When I was working on implementing netlink for GRE, I noticed that the GRE implementation has too many layers of indirection due to its historical context.
It's not important and just an idea, but would you like to merge them under sys/net? I can work on it if you want.

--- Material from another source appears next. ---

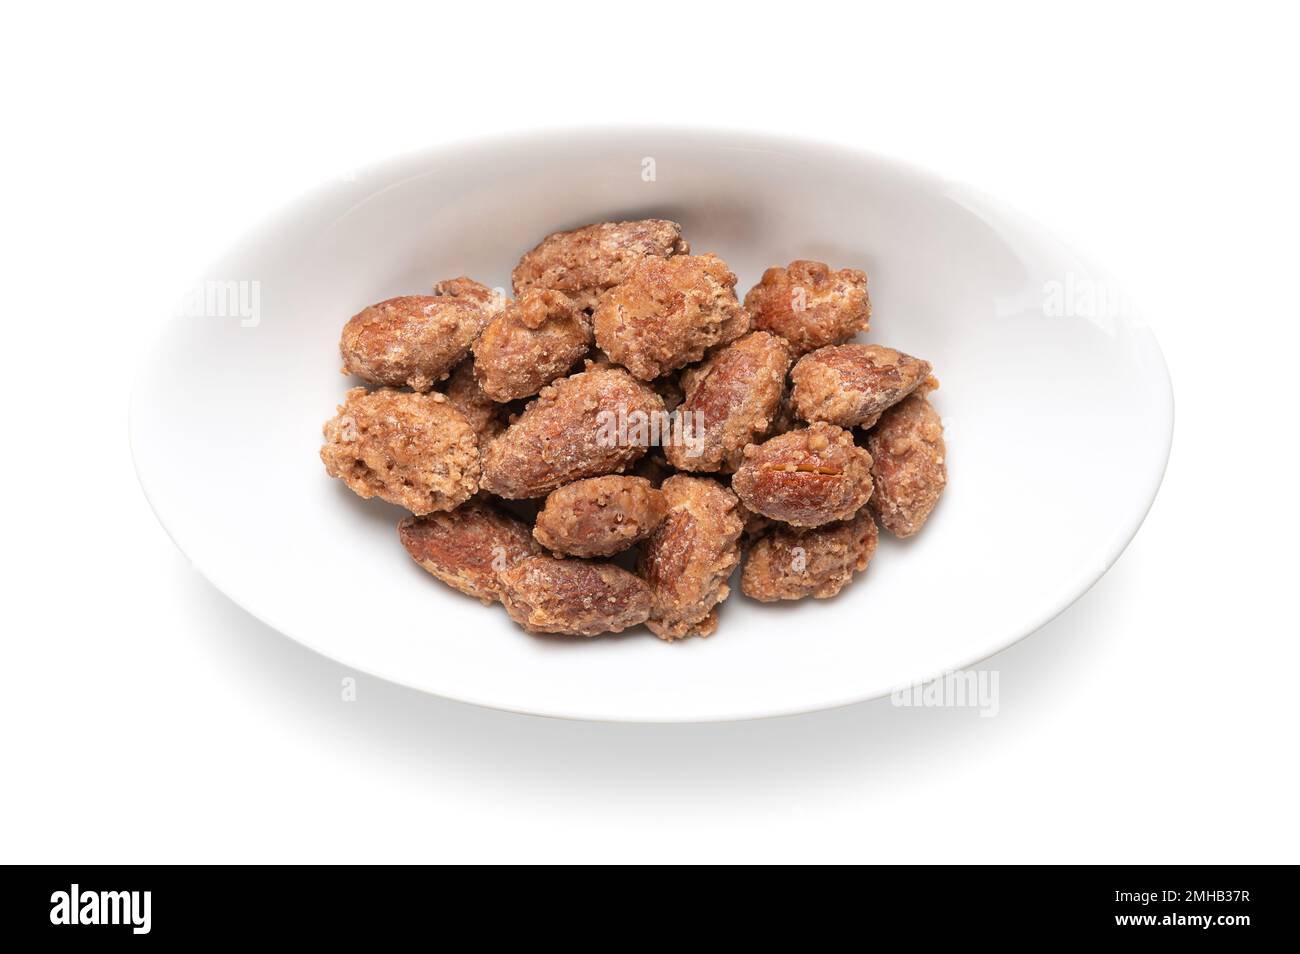 Candied almonds in an oval white bowl. Homemade, in a special way cooked almonds, whole nuts coated in crunchy sugar. Sold at Christmas markets. Stock Photo

Anyway, this patch still results in a panic for my tests in D55363:
kgdb output:

kdb_enter (why=<optimized out>, msg=<optimized out>) at /usr/src/sys/kern/subr_kdb.c:556
556                     kdb_why = KDB_WHY_UNSET;
(kgdb) bt
#0  kdb_enter (why=<optimized out>, msg=<optimized out>) at /usr/src/sys/kern/subr_kdb.c:556
#1  0xffffffff80b9c8ff in vpanic (fmt=0xffffffff81343906 "%s: hashtbl %p not empty (malloc type %s)", ap=ap@entry=0xfffffe0069658d10) at /usr/src/sys/kern/kern_shutdown.c:962
#2  0xffffffff80b9c753 in panic (fmt=0x0) at /usr/src/sys/kern/kern_shutdown.c:887
#3  0xffffffff80beca11 in hashdestroy (vhashtbl=0xffffffff812f131c, type=<optimized out>, hashmask=<optimized out>) at /usr/src/sys/kern/subr_hash.c:94
#4  0xffffffff80d1c944 in vnet_sysuninit () at /usr/src/sys/net/vnet.c:640
#5  vnet_destroy (vnet=0xfffff8000eeac280) at /usr/src/sys/net/vnet.c:295
#6  0xffffffff80b57495 in prison_deref (pr=<optimized out>, pr@entry=0xfffff8009633c000, flags=<optimized out>, flags@entry=85) at /usr/src/sys/kern/kern_jail.c:3742
#7  0xffffffff80b588f7 in prison_remove (pr=0xfffff8009633c000) at /usr/src/sys/kern/kern_jail.c:3040
#8  sys_jail_remove (td=0xfffff800b89c2000, uap=<optimized out>) at /usr/src/sys/kern/kern_jail.c:2996
#9  0xffffffff810dba45 in syscallenter (td=0xfffff800b89c2000) at /usr/src/sys/amd64/amd64/../../kern/subr_syscall.c:193
#10 amd64_syscall (td=0xfffff800b89c2000, traced=0) at /usr/src/sys/amd64/amd64/trap.c:1208
#11 <signal handler called>
#12 0x00001e141c54051a in ?? ()

Tests:

FreeBSD 16.0-CURRENT (GENERIC) #0 arcpatch-D55398-n284097-18c9d20f1dd0: Mon Feb 23 21:32:15 +0330 2026
# kyua test -k /usr/tests/sys/net/Kyuafile if_gre
if_gre:gre4_basic  ->  panic: hashdestroy: hashtbl 0xfffff800746c1800 not empty (malloc type ifaddr)
cpuid = 6
time = 1771869806
KDB: stack backtrace:
#0 0xffffffff80bedc2d at kdb_backtrace+0x5d
#1 0xffffffff80b9c8ce at vpanic+0x16e
#2 0xffffffff80b9c753 at panic+0x43
#3 0xffffffff80beca11 at hashdestroy+0x41
#4 0xffffffff80d1c944 at vnet_destroy+0x144
#5 0xffffffff80b57495 at prison_deref+0xa65
#6 0xffffffff80b588f7 at sys_jail_remove+0x127
#7 0xffffffff810dba45 at amd64_syscall+0x175
#8 0xffffffff810abe0b at fast_syscall_common+0xf8
KDB: enter: panic
KDB: reentering
KDB: stack backtrace:
#0 0xffffffff80bedc2d at kdb_backtrace+0x5d
#1 0xffffffff80bedeab at kdb_reenter+0x2b
#2 0xffffffff810ab518 at calltrap+0x8
#3 0xffffffff80ac1836 at gdb_trap+0x8f6
#4 0xffffffff80bee37f at kdb_trap+0x18f
#5 0xffffffff810da639 at trap+0x3f9
#6 0xffffffff810ab518 at calltrap+0x8
#7 0xffffffff80b9c753 at panic+0x43
#8 0xffffffff80beca11 at hashdestroy+0x41
#9 0xffffffff80d1c944 at vnet_destroy+0x144
#10 0xffffffff80b57495 at prison_deref+0xa65
#11 0xffffffff80b588f7 at sys_jail_remove+0x127
#12 0xffffffff810dba45 at amd64_syscall+0x175
#13 0xffffffff810abe0b at fast_syscall_common+0xf8

My first test is basically the same as PR 275474, as the final goal is to avoid kernel panics from PR 275474.